Facepalm
From Australia. Here’s the ironic caption for the photo on the right:
Cr Tim Laurence negotiates cross traffic on St George’s Rd in his high-visibility vest, which he says should be mandatory for all cyclists. Picture: ADAM ELWOOD.
Here’s the article:
Council wants all cyclists to wear high-visibility clothing
Australia has a mandatory helmet law already.
Of course the article ends with the obligatory safety-in-numbers justification for more funding for infrastructure. Like the sight-line-challenged infrastructure in the photo?
If your safety vest is bright enough, motorists will be able to see it with the vestigial eyes in the backs of their heads and be able to see you through solid objects, such as large box trucks.
Garry Brennan has uncommon common sense. An Aussie John Schubert? Grumpy is smiling…
It only makes sense if pedestrians are also forced to do the same.
It would make more sense if motorists weren’t continually running their cars into large brightly-painted objects like fire trucks and ambulances…
Any similar proposal for drivers of gray cars? They’re practically invisible at dawn and dusk and in the rain.
Reminds me of the time I was pulled over by the highway patrol in Oregon in 1987. Some drivers had expressed concern that I was out there on a “dangerous” two-lane highway. A trucker had used his CB to report me. I told the officer, “Well, he saw me from a half-mile away. I know because I heard his horn and looked back, and he had just come around a bend that far back.”
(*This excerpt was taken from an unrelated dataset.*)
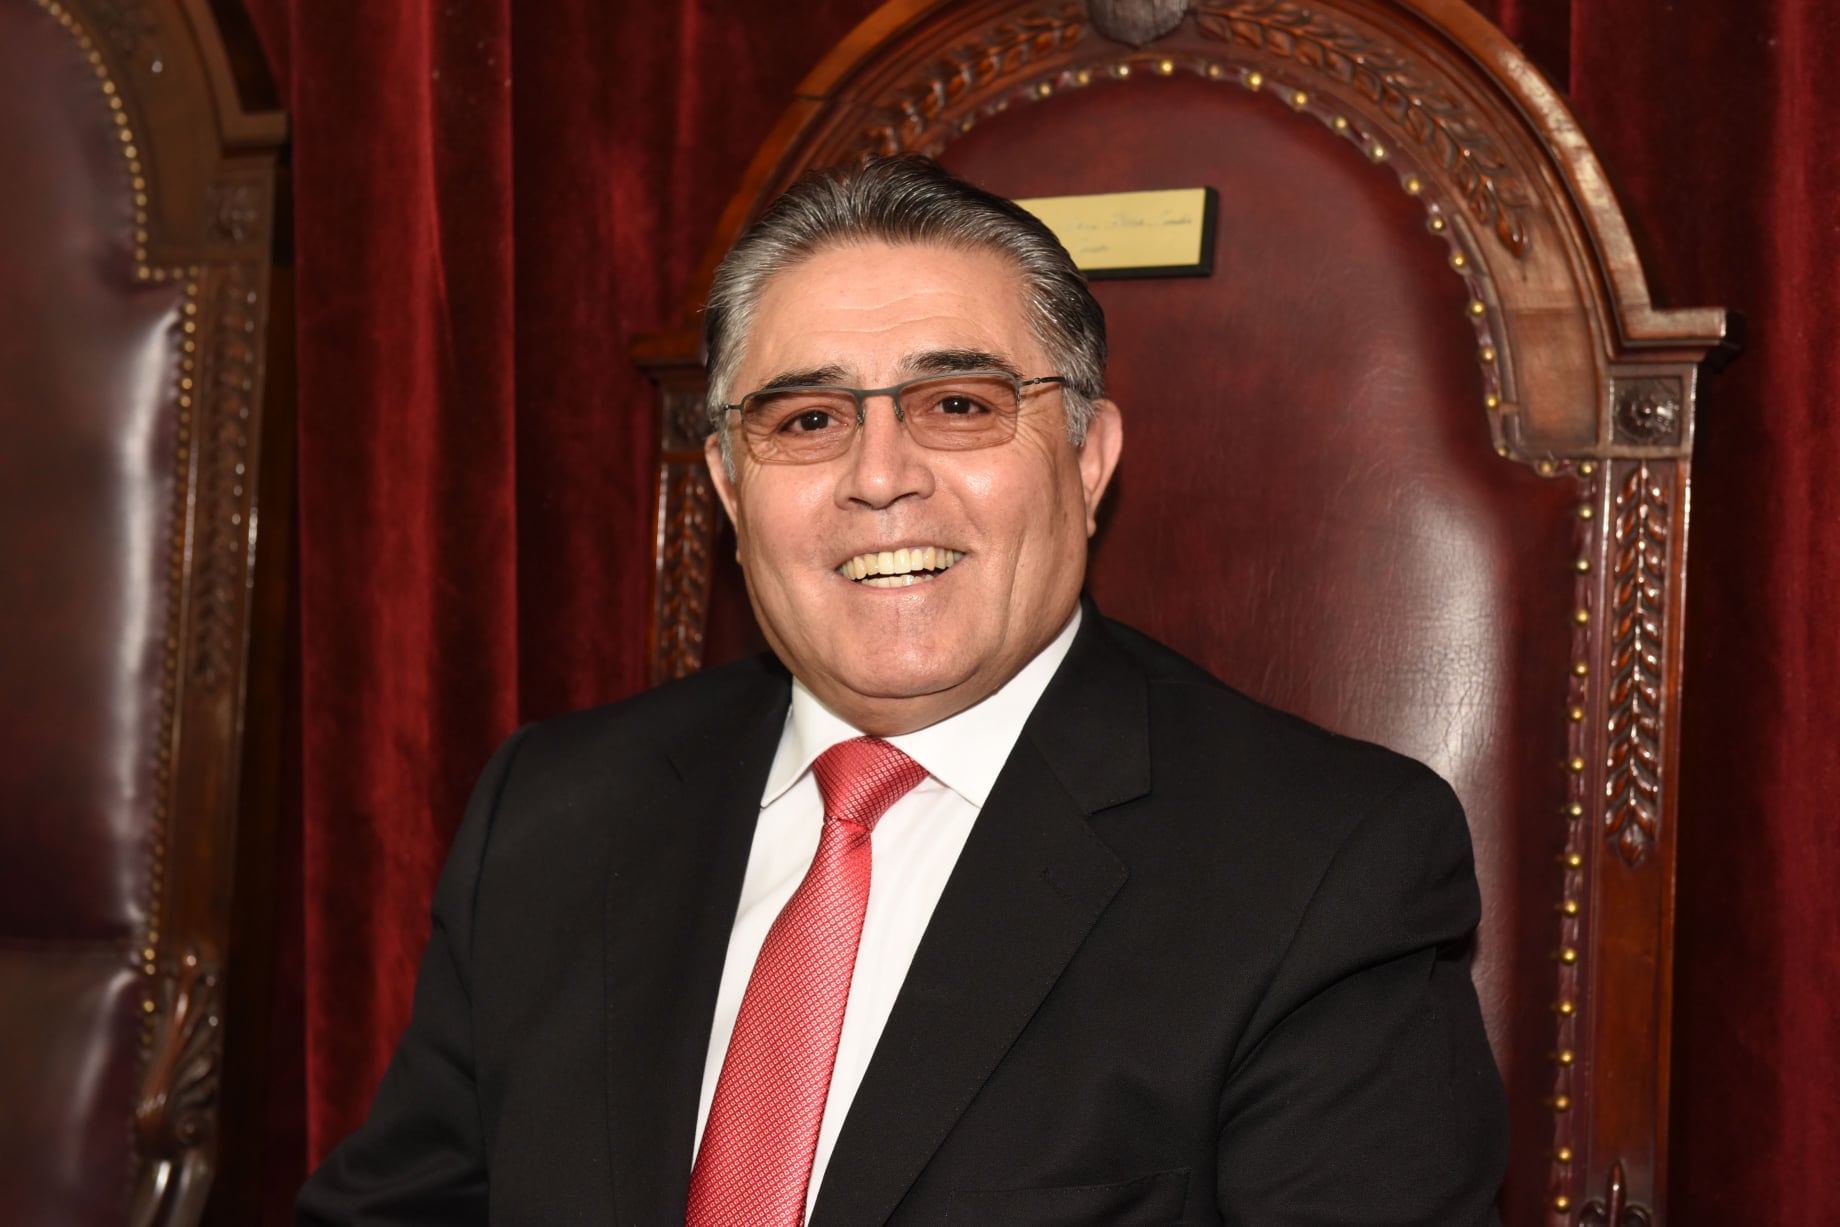 El exministro de la Corte de Apelaciones de Copiapó, Juan Antonio Poblete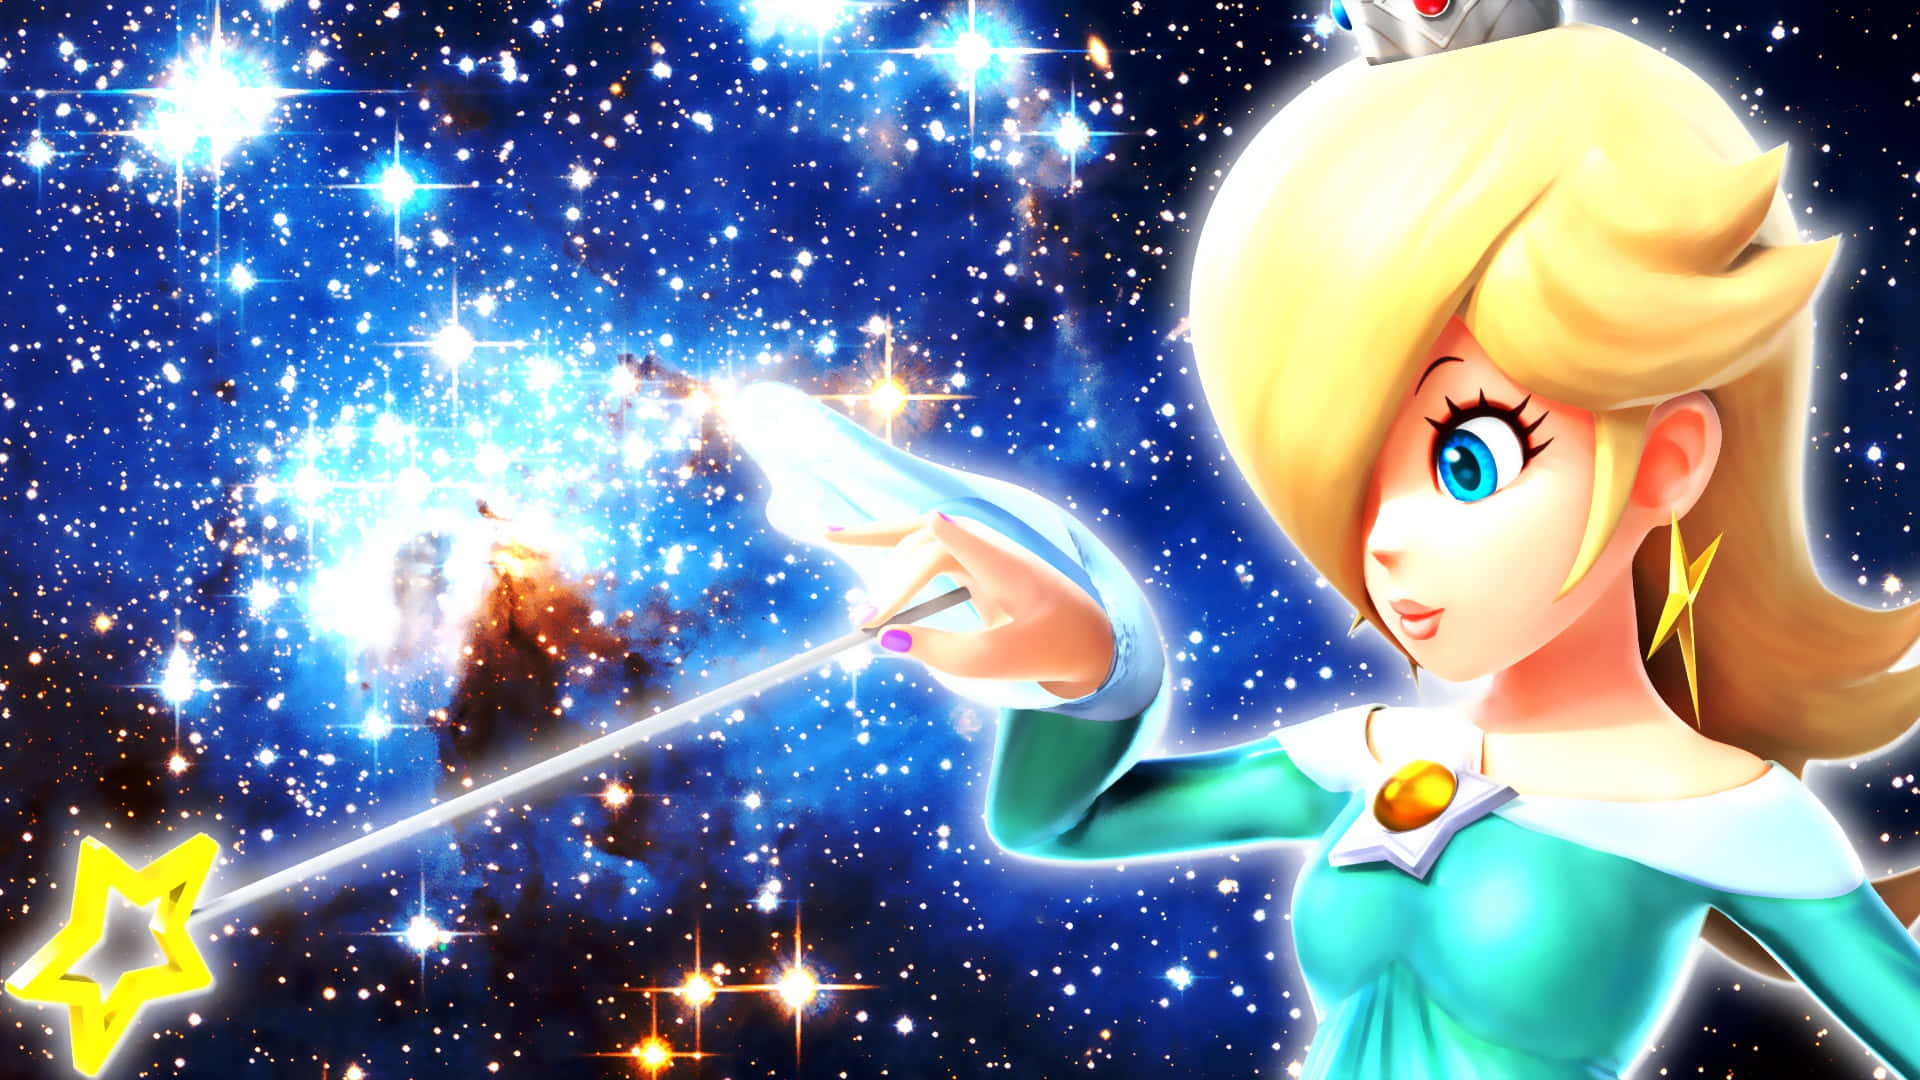 Enchanting Princess Rosalina From Super Mario Galaxy Game Wallpaper

They have to make themselves believe that we’re “hard to see” so they can try to justify making cycling look dangerous and controlling us.
From Wikipedia:
The Locomotive Act 1865 (Red Flag Act)
The Locomotive Act 1865 (Red Flag Act):[5]
Set speed limits of 4 mph (6 km/h) in the country and 2 mph (3 km/h) in towns.
Stipulated that self-propelled vehicles should be accompanied by a crew of three: the driver, a stoker and a man with a red flag walking 60 yards (55 m) ahead of each vehicle. The man with a red flag or lantern enforced a walking pace, and warned horse riders and horse drawn traffic of the approach of a self propelled machine.
Sometimes it’s progress to take a step back into history and re-enact some laws!
Re: The Locomotive Act
Unsignaled grade crossings (no crossing gates, not flashing signals) still function with this rule.
And it makes sense. Given a hidden often perpendicular and scarcely visible crossing and a self-propelled vehicle incapable of stopping within a short distance, even if going slowly.
Now, mandatory day-glo could become a fashion statement!
And why are the reports of drivers irritated at the presence of cyclists in the roadway considered evidence of danger, even if they are wearing brightly colored clothes?
As you probably know already, drivers were concerned about this child: http://bikewalktn.blogspot.com/2011/08/elizabethton.html
“Locomotive” here referred to an automobile, not a train.